Copy all the data exactly, except the pictures.

→ **Information provided**:
____
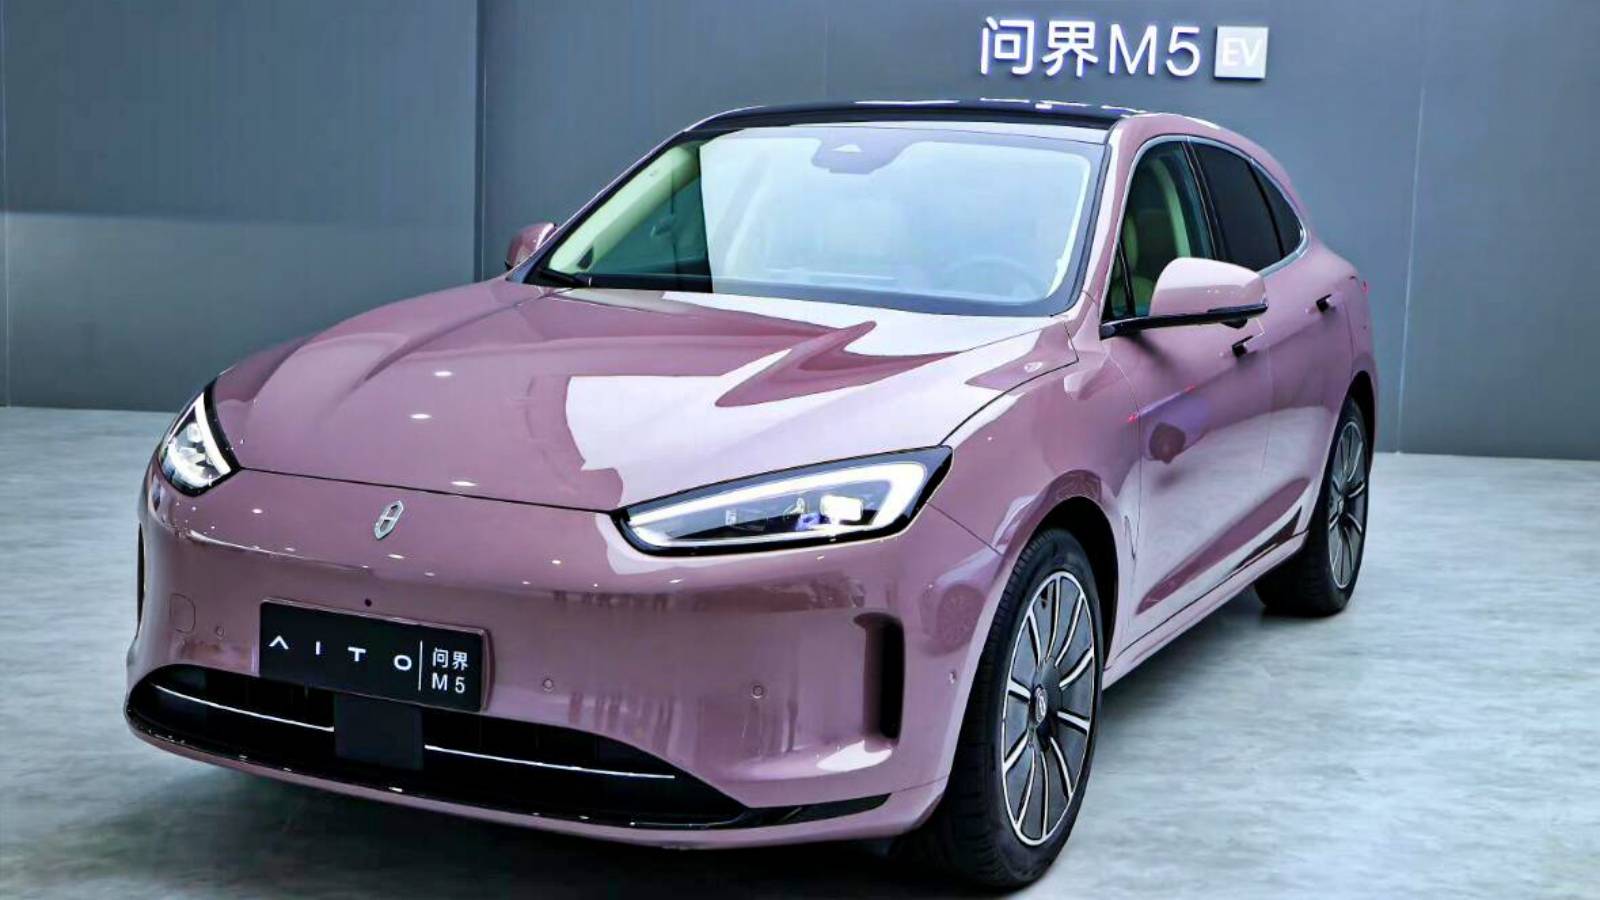 Huawei lancia ufficialmente Aito M5, la nuova auto elettrica del marchio dedicato
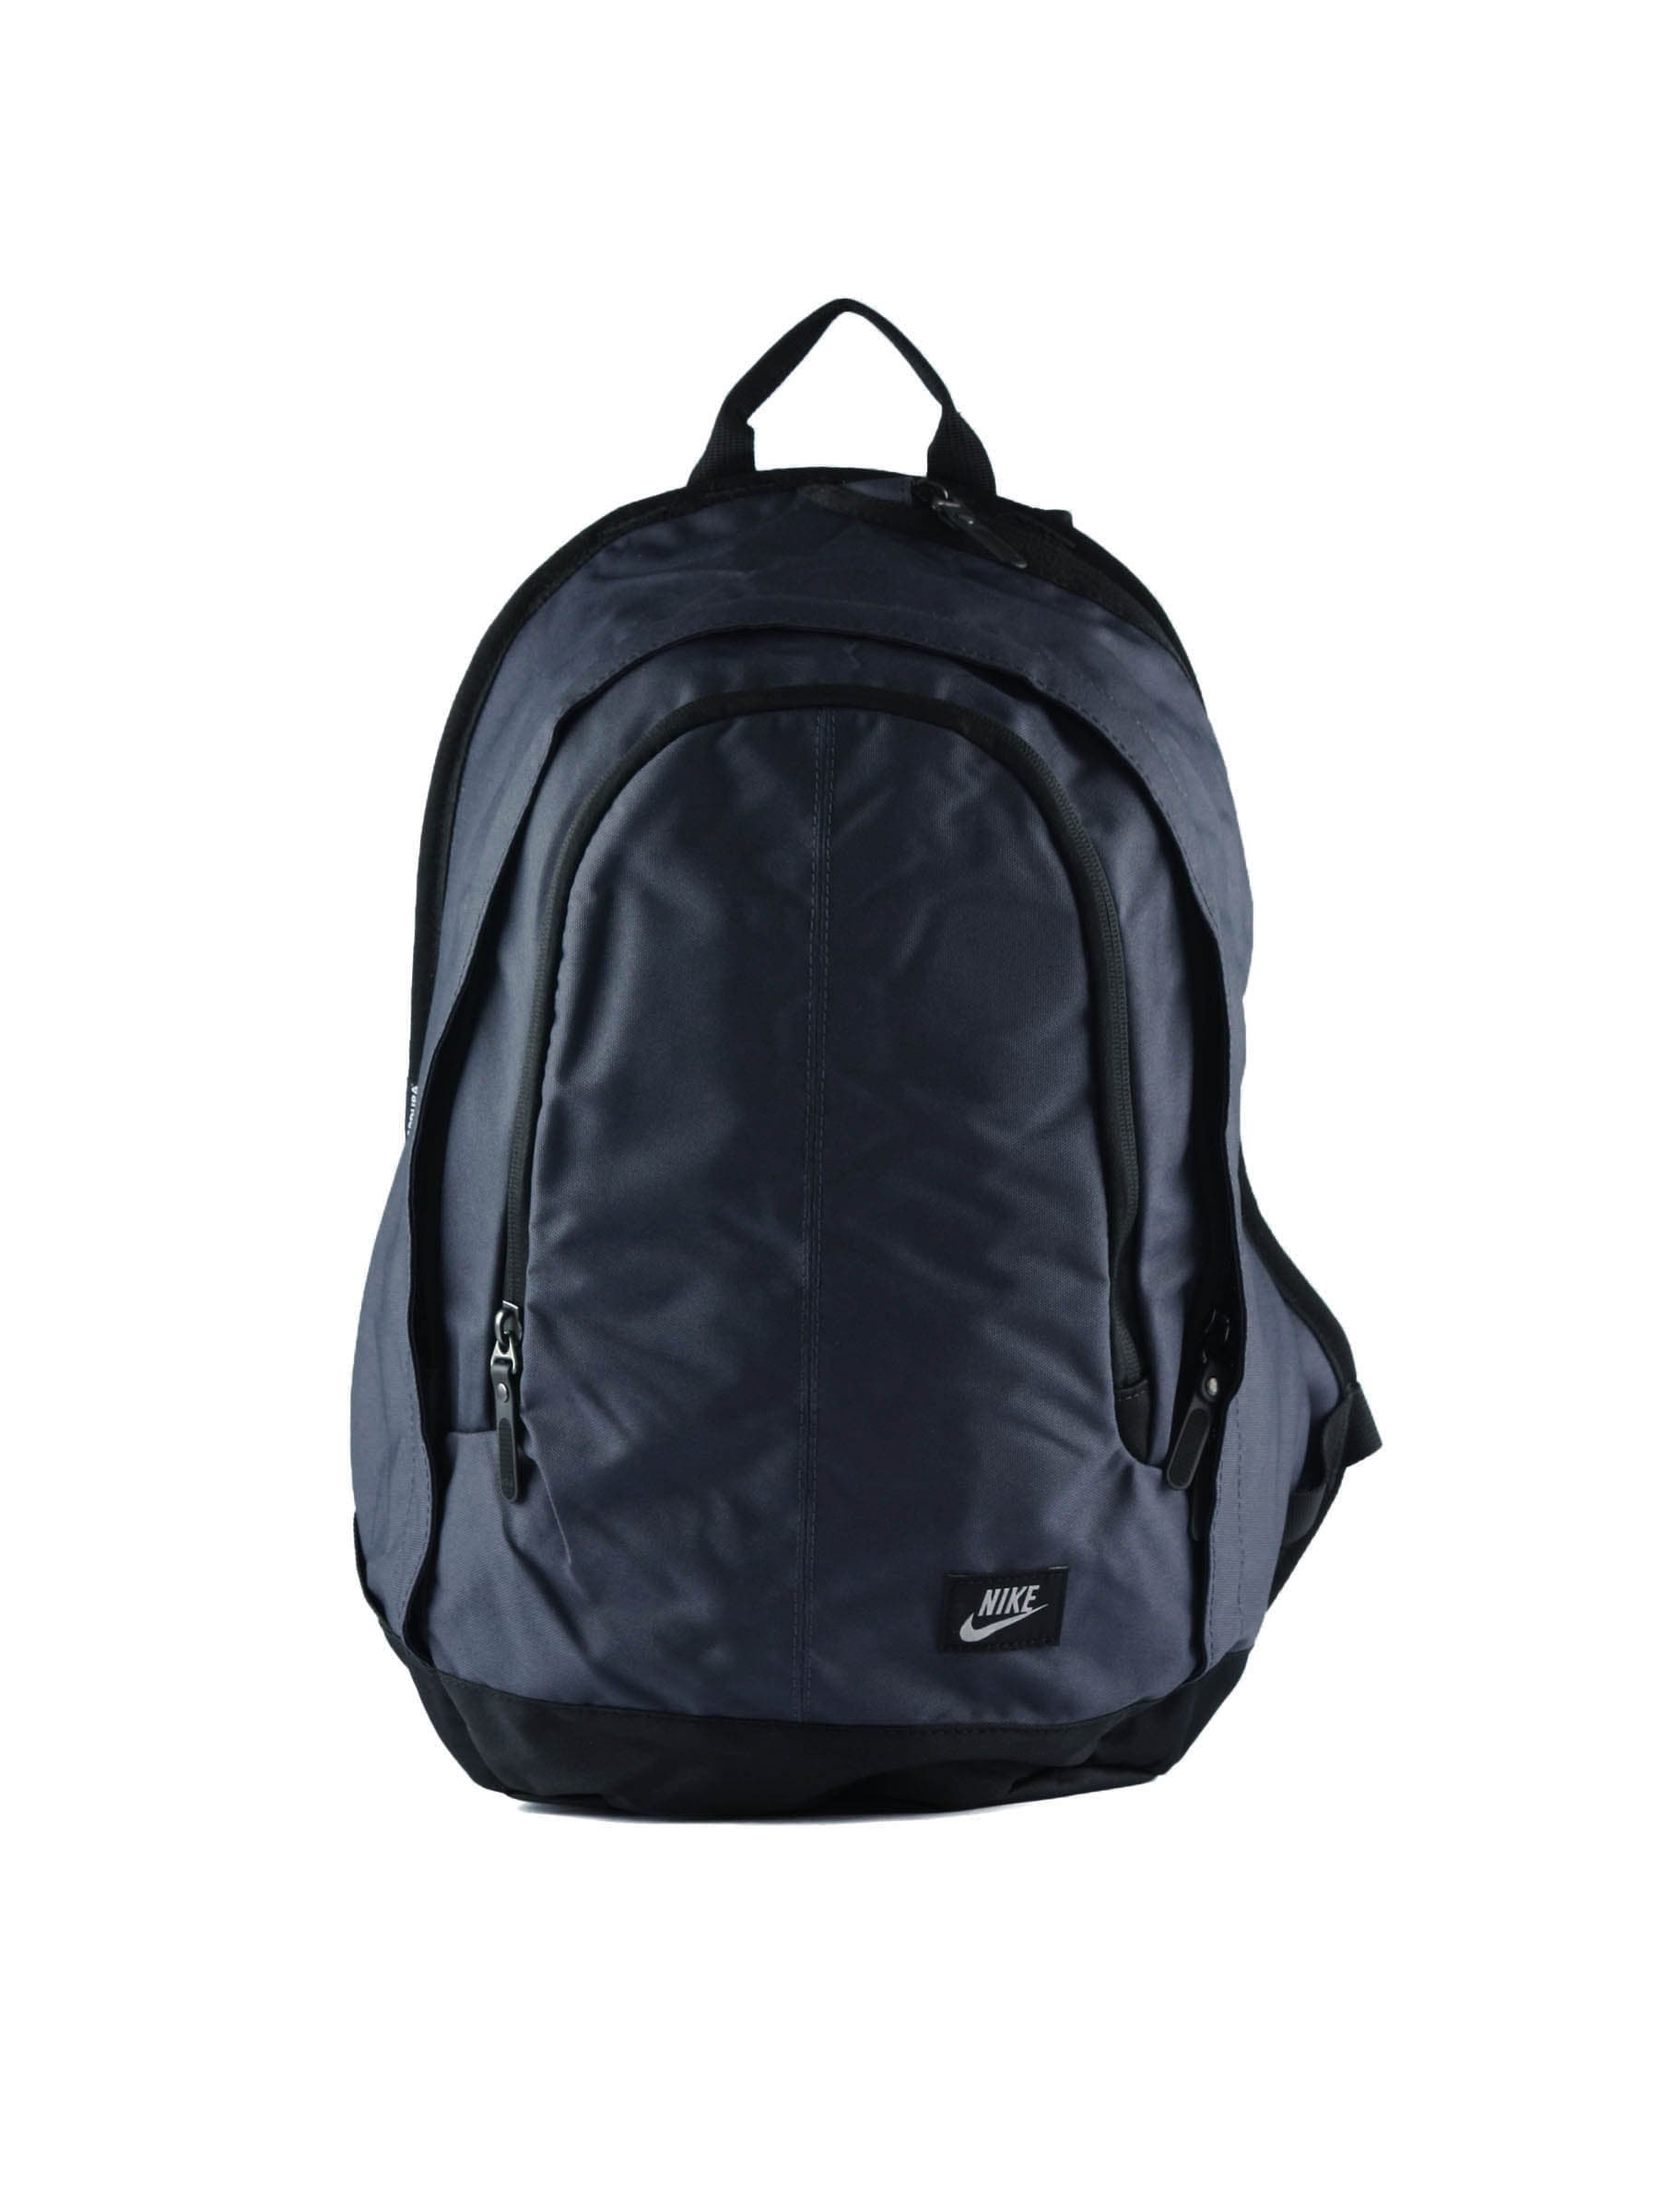 Nike Unisex Hayward 25M Grey Backpack
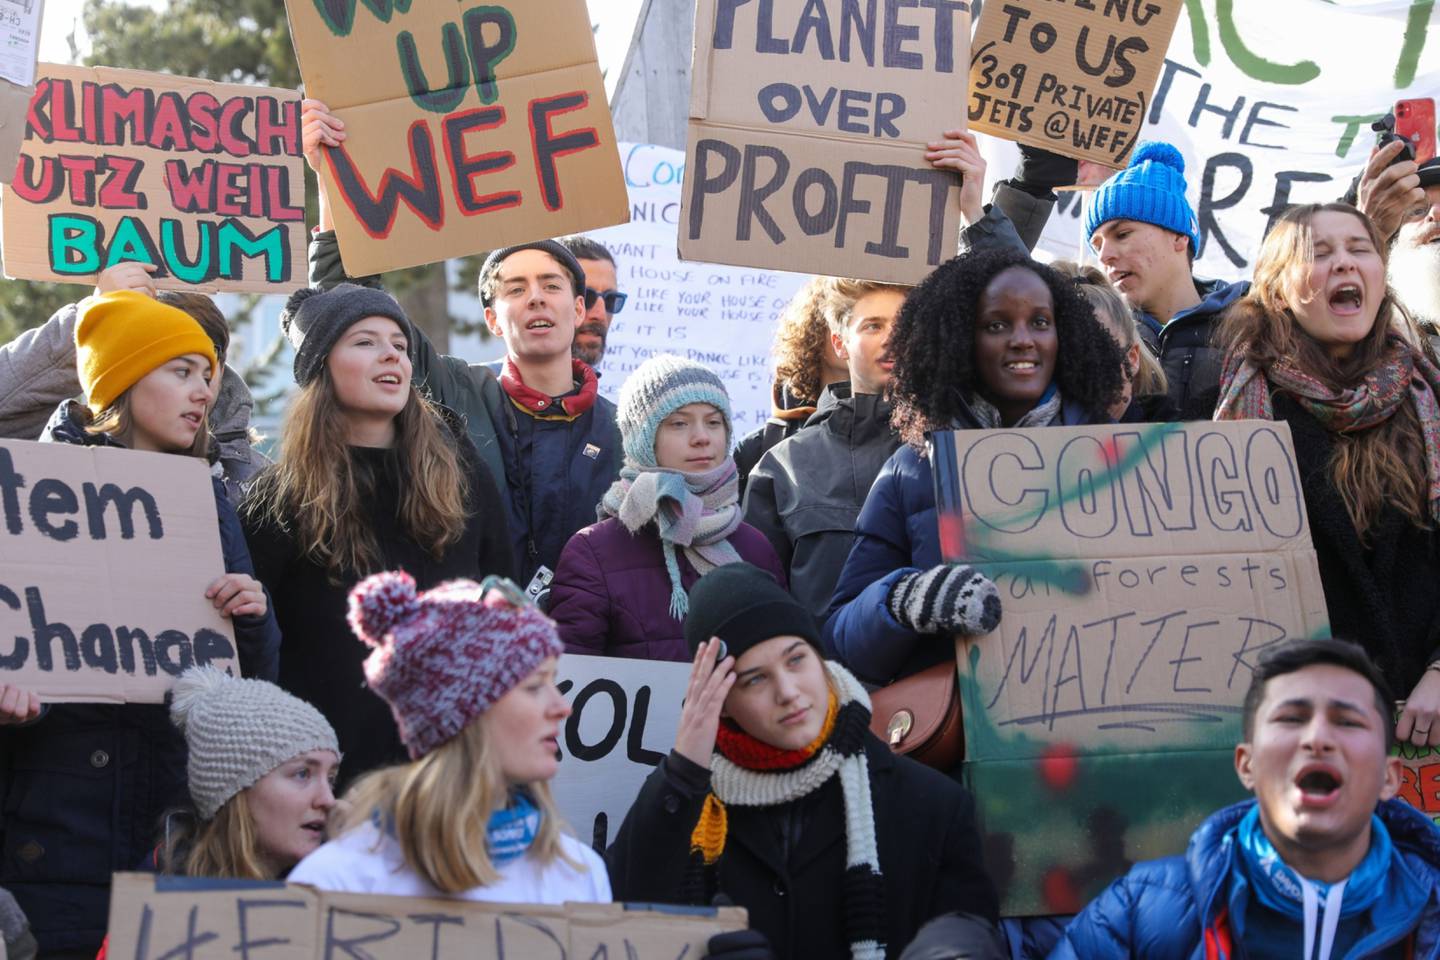 Las activistas climáticas Greta Thunberg, en el centro, Vanessa Nakate, en el centro a la derecha, Isabelle Axelsson, en el tercer lugar a la izquierda, y Luisa Neubauer, en el centro a la izquierda, sostienen pancartas mientras participan en una manifestación en la jornada de clausura del Foro Económico Mundial (FEM) en Davos, Suiza, el viernes 24 de enero de 2020.
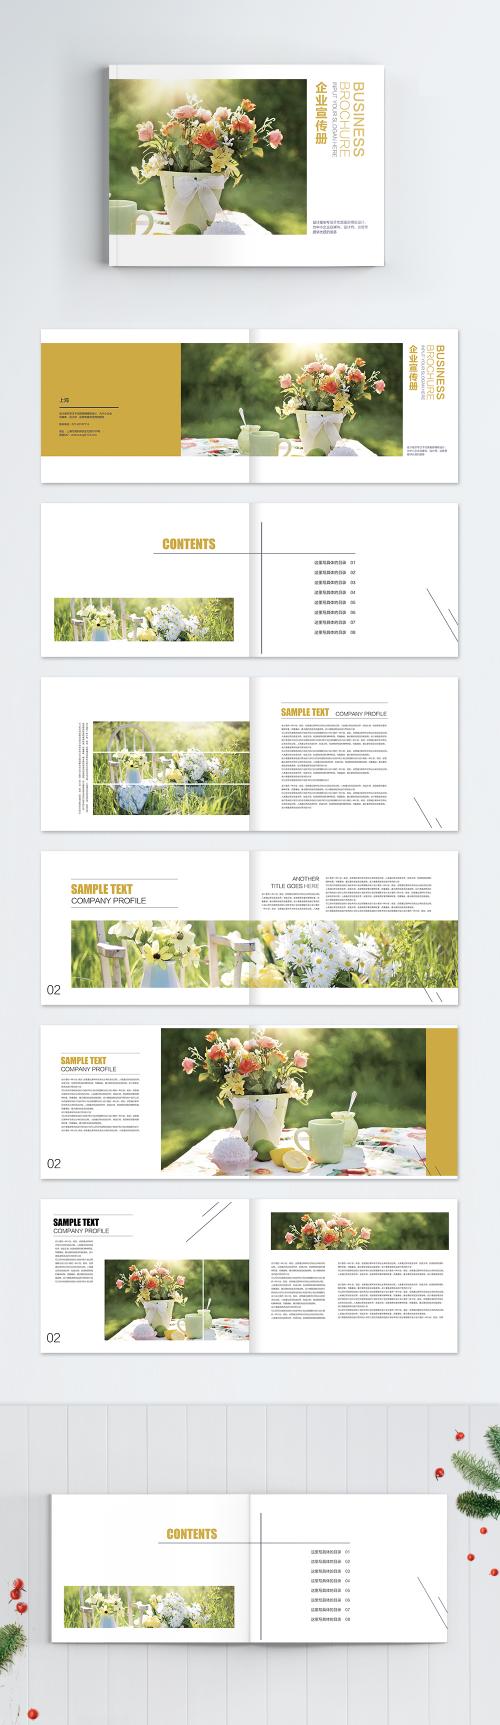 LovePik - brochure of small fresh day flower enterprise - 400161517
____
→ **Output below**:
 Huawei lancia ufficialmente Aito M5, la nuova auto elettrica del marchio dedicato
 Nike Unisex Hayward 25M Grey Backpack
 Las activistas climáticas Greta Thunberg, en el centro, Vanessa Nakate, en el centro a la derecha, Isabelle Axelsson, en el tercer lugar a la izquierda, y Luisa Neubauer, en el centro a la izquierda, sostienen pancartas mientras participan en una manifestación en la jornada de clausura del Foro Económico Mundial (FEM) en Davos, Suiza, el viernes 24 de enero de 2020.
 LovePik - brochure of small fresh day flower enterprise - 400161517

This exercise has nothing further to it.